Sunday, April 02, 2006

For the first time in two plus weeks I'm sitting on the couch with my laptop nestled in my lap trying to write, but nothing's happening.
I've come up with the opening line to a non-fiction opus about the adventure my son and I are undertaking, but so far that's it. I keep drawing blanks.
It upsets to me to no end to feel this way. I don't know if it's inadequacy once again creeping in through my back door or if what I am feeling is the reality of years spent hearing as well as telling myself that I could never amount to anything. Either way, I am noticing that anger and frustration have replaced my once solemn mood, and now I feel like throwing my laptop through the fucking window in a fit of unbalanced horror.
I have serious doubts that I'll ever be able to write.
More times than I care to count, complete strangers acknowledge some well hidden ability I have to pound out the written word, but let's be honest shall we? I'm blogging. I'm writing an online diary. I'm simply spewing my life onto cyber pages so the world over can peer in on what a thirtysomething, stay at home, Bipolar father does with his day.
Let me save you the trouble by stating that I do ABSOLUTELY NOTHING WITH MY DAYS.
I wish and dream and contemplate suicide. I jack off and occasionally fuck a woman who for some reason enjoys my company, and then I curl up in a ball while the house is empty and cry about the shambles my life is an how if effects everyone I know.
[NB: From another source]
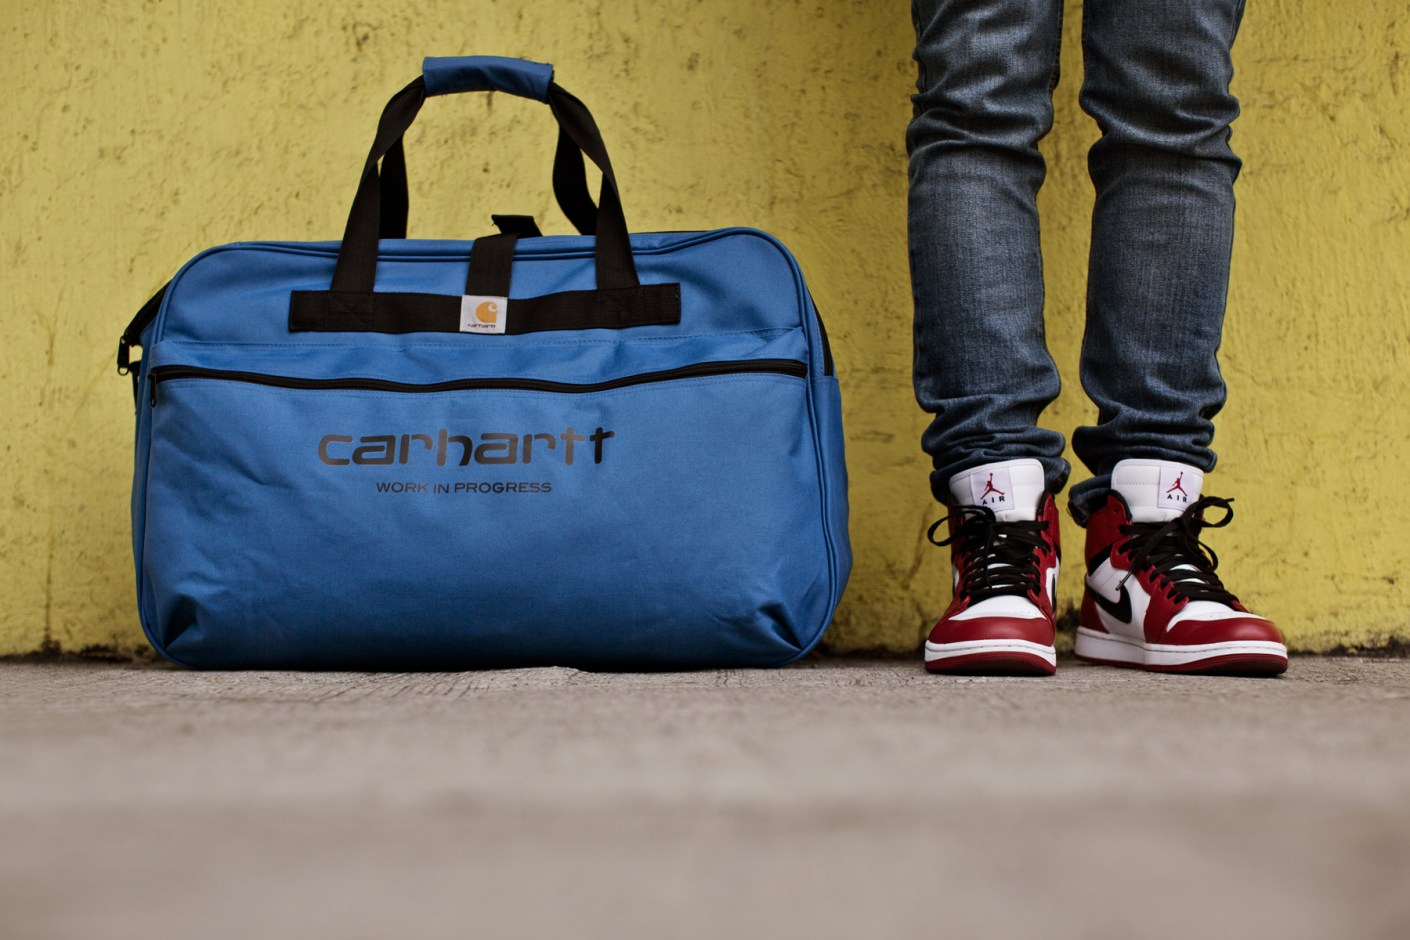 Image of Carhartt WIP 2014 Spring/Summer Duffle Bags

I rarely sleep and I drink caffeine like an alcoholic locked away overnight in an Irish pub, and then I wonder why I have insomnia.
Oh... and then there's blogging... and MySpace.
Here's a thought: when people ask me what I do, maybe I can tell them I'm a journalist, because to a degree I am.
Remember, I DO journal.

5 Comments:

Blogger the depressed nurse said...

Is everyone but me on MySpace?

Are ya feeling a little depressed? I wish I had something witty or funny to try and cheer you up, but I know that's not going to work.

So, I'll just offer my ear if you need to vent in the hopes that may help you.

Now, I'm going to go get on MySpace.

3:41 PM  
Blogger [sic] said...

How about a bottle of pain pills? Do you have a spare bottle I can wash down with the remaining half a bottle of Vodka?

At some point I'm bound to get it right, right?

Cheerz!

4:39 PM  
Blogger Tom said...

Actually I have a bottle of Vicodin in my top drawer, which I had thought of sending to Anna back during the broken rib episode (but didn't know her well enough then), but I am not going to send it to you for obvious reasons. I wish there was something I could say beyond the obvious and hokey but nevertheless true: You have it all. You have the time in the day to write, the desire to write, friends to turn to for help, and the beauty of creation swirling all around you. As a writer who struggles with huge concentration issues myself, I can offer you a piece of practical advice: set a time at which you write every day, and a time at which you finish writing. During that time--and at the beginning you should make it an hour, no more, or even half an hour--you set yourself to writing and nothing else. No phone calls, no blogging, no caffeine, no self-abuse. An important part of this set-up is that you are forbidden to write at any time of day other than the agreed-upon period. Then, with each session of writing, set yourself one achievable goal. (This part of it I got from a David Mamet essay.) Like: today I will only write down three ideas for stories or screenplays or novels I want to write, and two sentences about each of them. Or: today I will write the first two sentences of a story I have decided to write. Or whatever. Ultimately, the length of the writing time, and the size of the task you set yourself, will grow. But with the small time period and the daily mini-micro-goal you can start building up a sense of achievement and the confidence that you can actually do this. Which you can.

5:07 PM  
Blogger [sic] said...

I may have all of the required "tools" for writing, but I lack the feelings of adequacy. I feel like a failure before I can reach the second sentence and when I try my fear paralyzes me.

Maybe it's because I have no friends outside of this computer (and for the record, I don't). Maybe it's because I haven't the first idea about what I'm doing. Maybe it's because I believe all of the self-talk? Maybe, maybe, maybe.

Maybe I need to truly focus on being a Bipolar father and husband, and how I can be a better person than worry about trying to be something I'm not.

5:26 PM  
Blogger the depressed nurse said...

I don't have any more pain pills and Tom's a bad boy for not sharing!! Let's go get him for that.

What Tom says is good advice. I'm actually going to follow it myself since I'm sitting around and procrastinating about writing too.
As long as you keep telling yourself you can't do it, you're not going to be able to.

It's amazing you described the way I feel about not being able to write, so I do understand that. I don't know what to say about the rest of your feelings, and I'm sorry I can't say or do something to help you.

Just don't give up, okay? I believe in you.